Рядом долбили землю окопницы. Видно, попался жесткий, глинистый пласт. Одна из них, вонзив в грунт кирку, утерла пот и задиристо-зазывающе обратилась к Косте:
– Эй, матросик, чего зря стоишь? Аида на помощь!
Крупный, плечистый Костя не походил на "матросика". Окопница кольнула парня, очевидно, из простого расчета: чем больнее кольнешь, тем быстрее откликнется.
– Где уж мне уж, – отшутился Костя. – Сегодня еще и каши не ел. А что вы роете, девочки?
Окопница уставилась на матроса удивленно синими глазищами: мол, сам не видишь, что роем, с неба, что ли, свалился? И подбоченясь, окинув взглядом товарок, поглядев на упрямую, затвердевшую под солнцем землю, помрачнела лицом, зло сказала:
– Гитлеру могилу роем, ясно?..
На батарее дела пока складывались неплохо. Матросы вырыли котлованы для орудий, дворики. Специалисты, приехавшие из Ленинграда, дворики забетонировали. Установили пушки.
При установке стационарных орудий нужна абсолютная точность. На башню ставится банка с водой. Если не прольется ни капли – значит, перекоса нет.

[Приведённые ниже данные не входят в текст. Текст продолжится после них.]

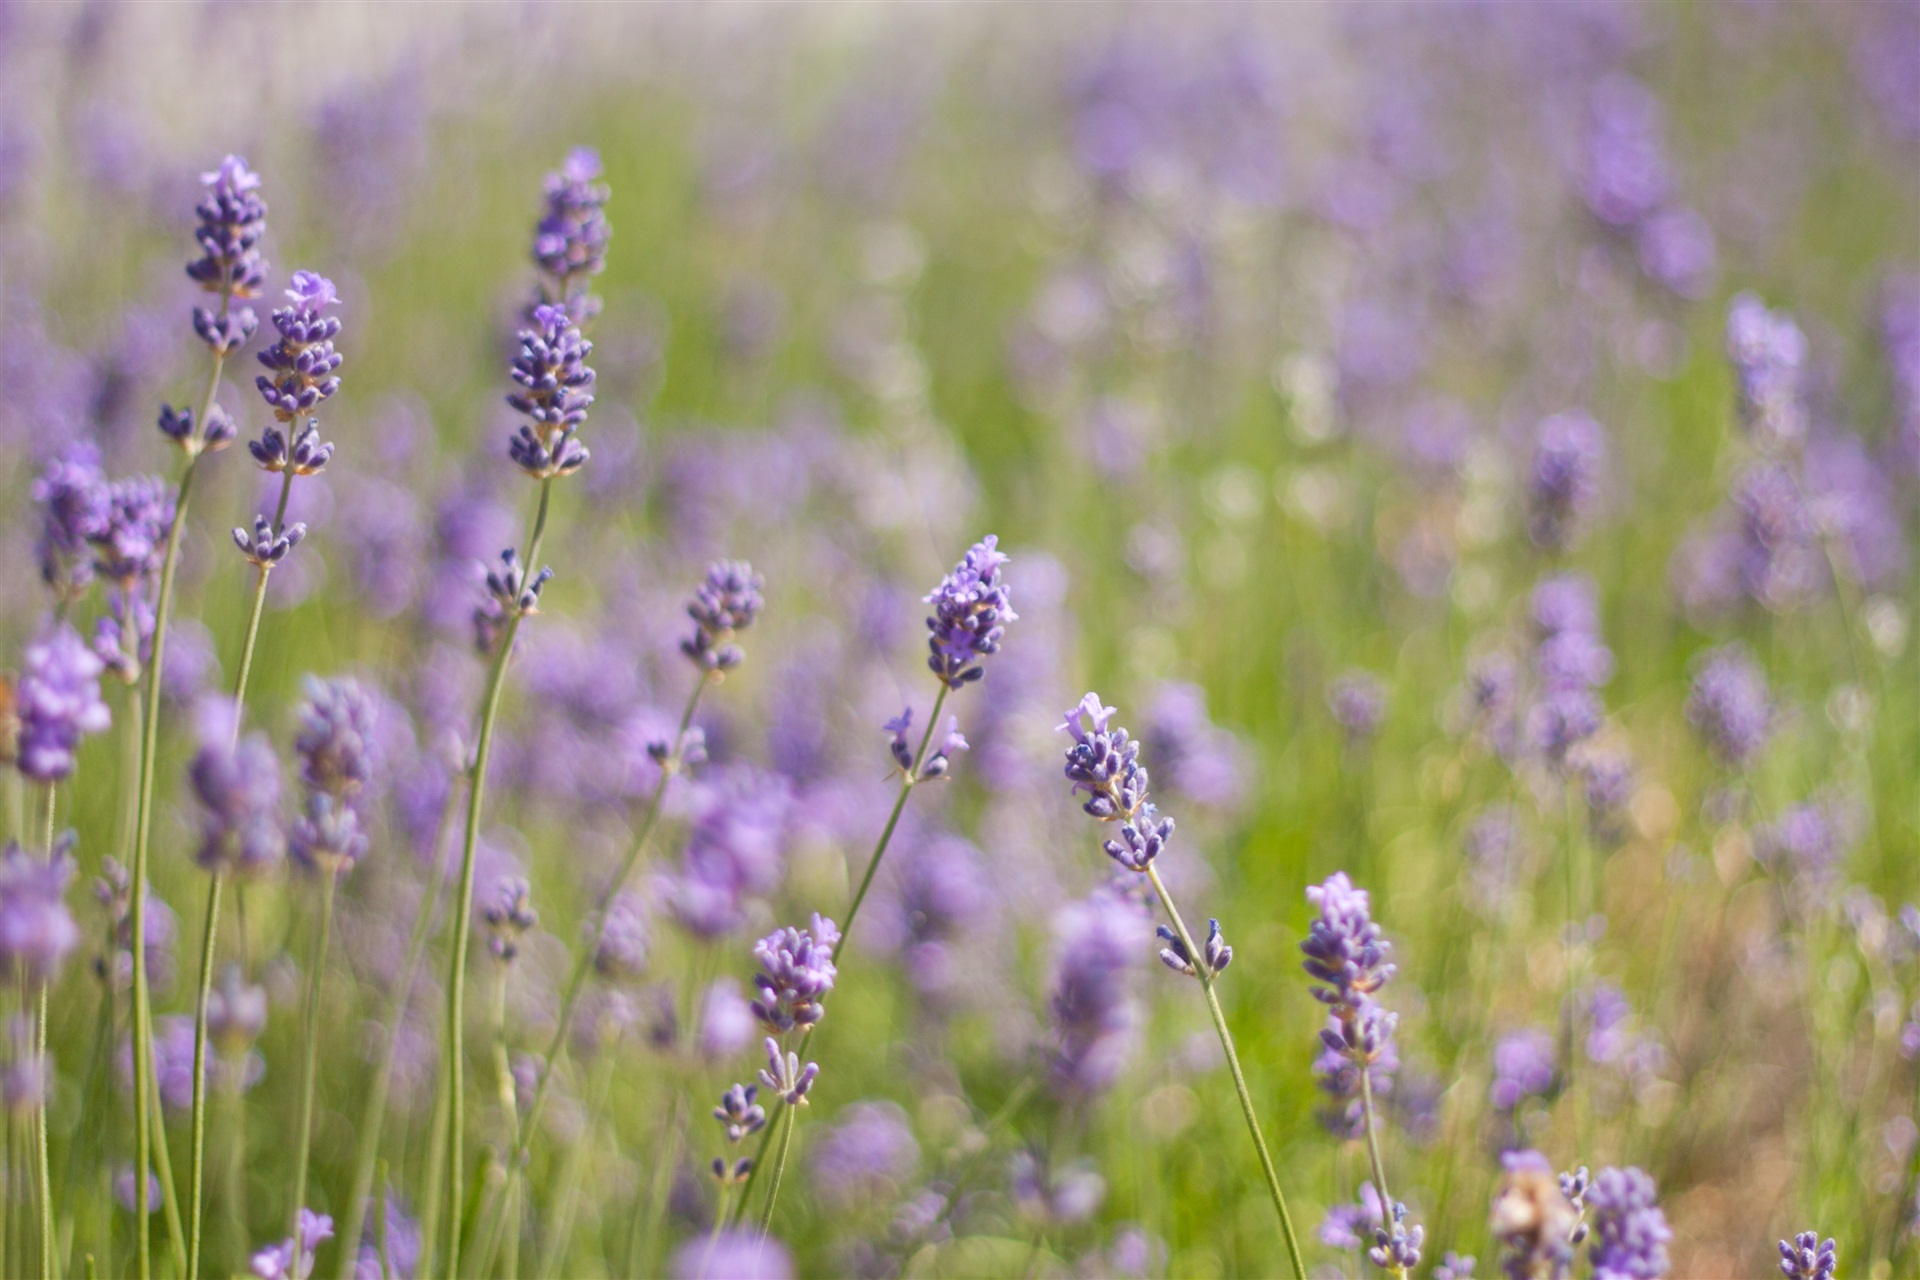 Handy-Wallpaper Lavendel, Blumen, Erde/natur kostenlos herunterladen.

Ленинградцы потрудились на совесть, пушки стояли надежно. Авроровцы повеселели, словно сюда, на склоны Дудергофских высот, перенесли часть корабля. Орудийные дворики называли не иначе как палубой и были довольны.
Оставалось прочистить стволы, замаскировать орудия, оборудовать погреба для боеприпасов, заняться устройством личного состава.
Из девяти командиров орудий пятерых – Александра Доценко, Алексея Смаглия, Ивана Овчинникова, Алексея Голубова и Леонида Желудкова – Дмитрий Николаевич знал по Севастополю. Они были его курсантами (он преподавал курс артиллерии в Черноморском высшем военно-морском училище1). Народ подобрался крепкий, за них Дмитрий Николаевич был спокоен. С новичками предстояло познакомиться.
Прежде всего решил побывать у командира второго орудия лейтенанта Антонова. От него пришло донесение: обстрелян в деревне Вериксолово. С группой авроровцев отправился прочесывать подозрительные дома.
Антонова Иванов видел дважды. Первый раз – когда представлялись командиры расчетов и получали задания, второй раз – когда матросы рыли котлованы.
У Иванова был наметанный и цепкий глаз. Детство его прошло в деревне Боже-ново Саргатского района Омской области. Как многие сибиряки, он рано пристрастился к охоте, мог, не блуждая, выйти из любой чащи, выследить зверя, сшибить из двустволки летящую птицу. На флот попал по путевке комсомола, окончил в Севастополе училище{30} и сам начал учить курсантов. Словом, работал с людьми, в людях разбирался, и ему понравилось, что на первой же встрече Антонов обратился с вопросом: нельзя ли получить побольше противотанковых гранат и автоматов?
Предупрежденный Соскиным, что артиллеристам стрелковое оружие пока дают нещедро, и желая "пощупать" командира орудия, Иванов спросил:
– Насколько остра нужда в гранатах и автоматах? Все-таки мы не на переднем крае...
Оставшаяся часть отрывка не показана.